Ideogram from individual genomic clone record displays showing clone placements (arrowheads).

Figure 9.

Screenshot showing graphical display of clone placement in an individual genomic clone record. A: Menu for selecting clone placement. B: Selected placement; note that it is highlighted and displayed above all other clone placements. C: Assembly components. (more...)

Figure 10.

Tabular placement displays from individual genomic library record page. A: Details for sequence-based clone placements. B: Details for non-sequence based clone placements.

Clone Finder

Clone placements may also be viewed with the NCBI Clone Finder resource, which can be accessed from the Clone DB home page. While the individual clone record pages enable users to review the placement details for a specific clone in the context of other clones from the same library, Clone Finder allows users to search for and visualize placements of clones from different libraries that have been mapped to specific genomic regions.
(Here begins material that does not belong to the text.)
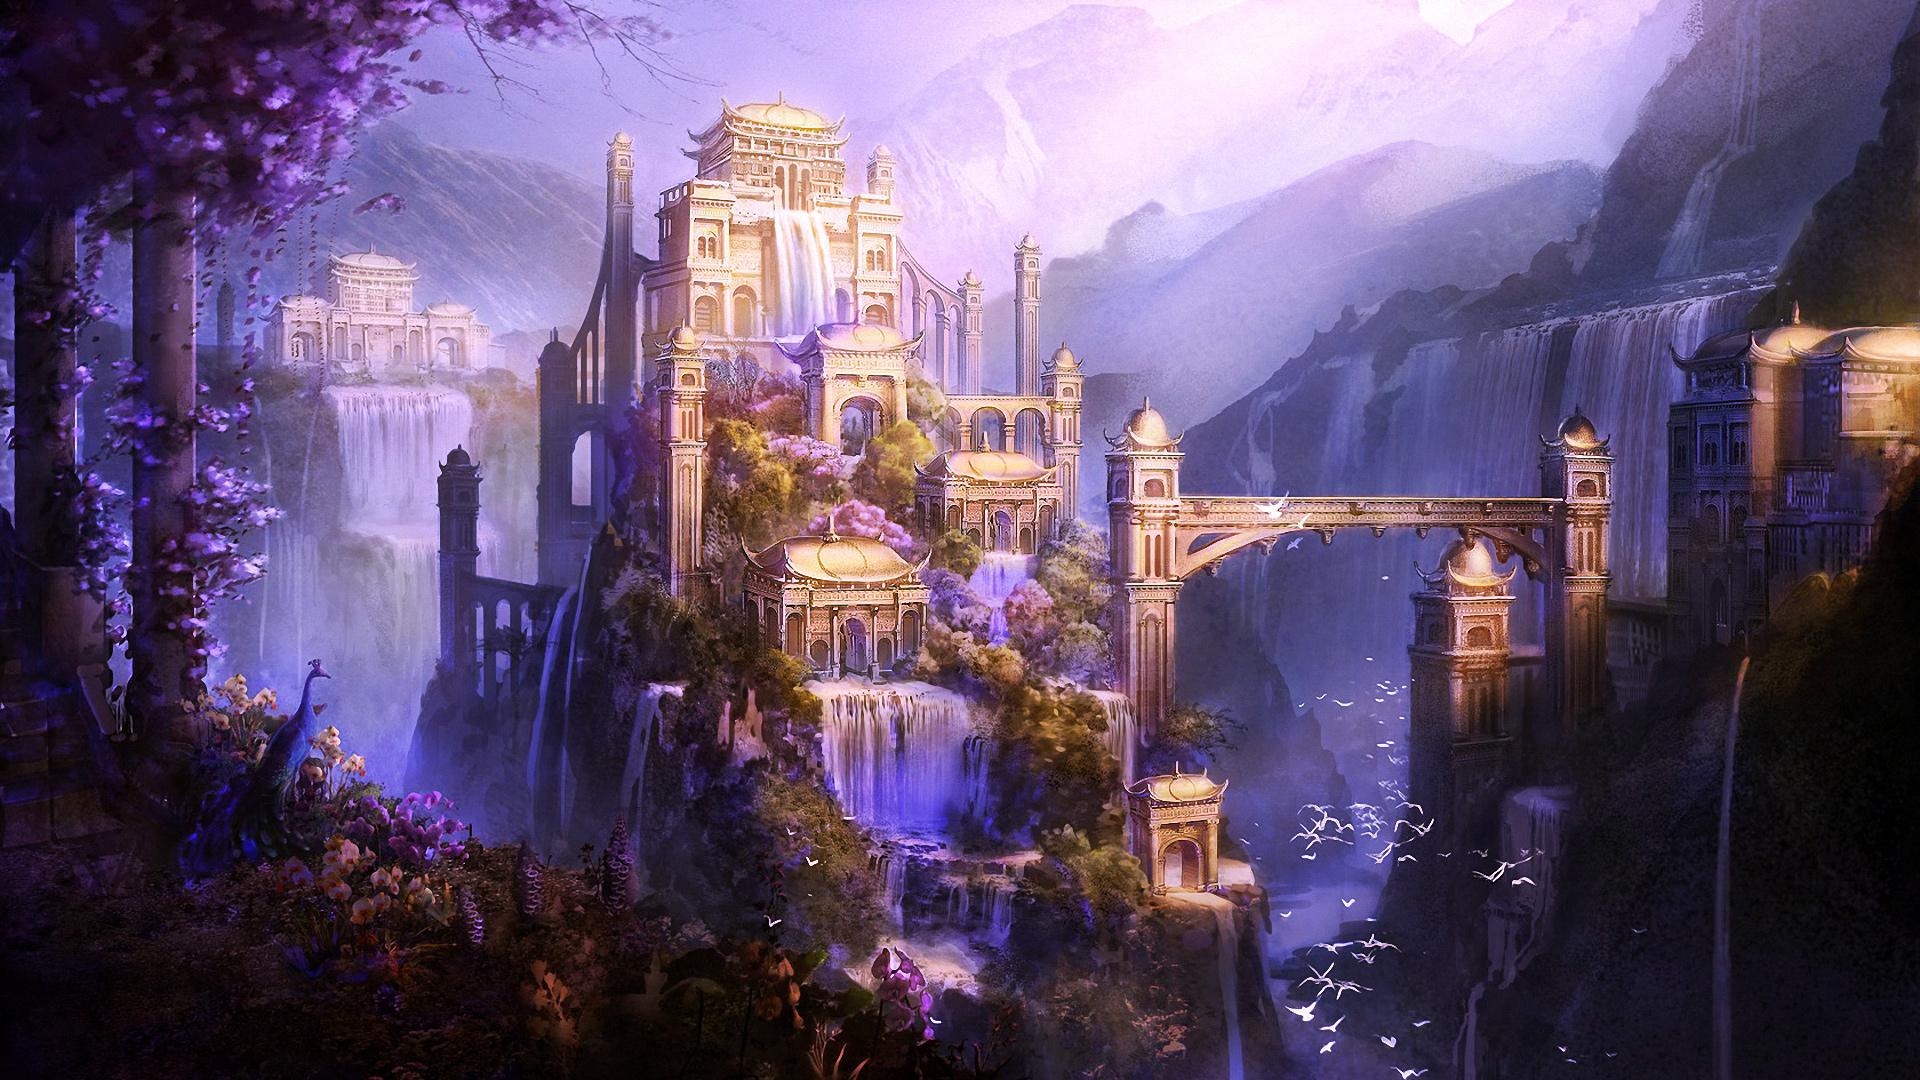 Magical castle wallpaper

Users may perform Clone Finder searches based on genomic location or feature, such gene or transcript name, marker or SNP. Filters are available to restrict searches by DNA source, library, or vector type (Figure 11). In contrast to the placement displays provided in individual clone records, Clone Finder can simultaneously display the placements for clones from different libraries. The Clone Finder graphical display distinguishes concordant and discordant placements and includes assembly components and annotated genes in the selected region (Figure 12). The placement data is also displayed in a tabular format (Figure 13) and can be downloaded in Excel.

Figure 11.

Clone Finder search interface. A: Users may search for clone placements by chromosome coordinate or genomic feature. B: A number of filters allow users to restrict the display of placed clones.

Figure 12.

Screenshot of Clone Finder graphical display. A: Assembly scaffolds and components. B: Gene and transcript annotation. C, D: Clone placements from two different libraries are shown. Concordant placements are in green, discordant placements are red.

Figure 13.

Screenshot of Clone Finder tabular display. A: One of the rows has been expanded to show additional placement details.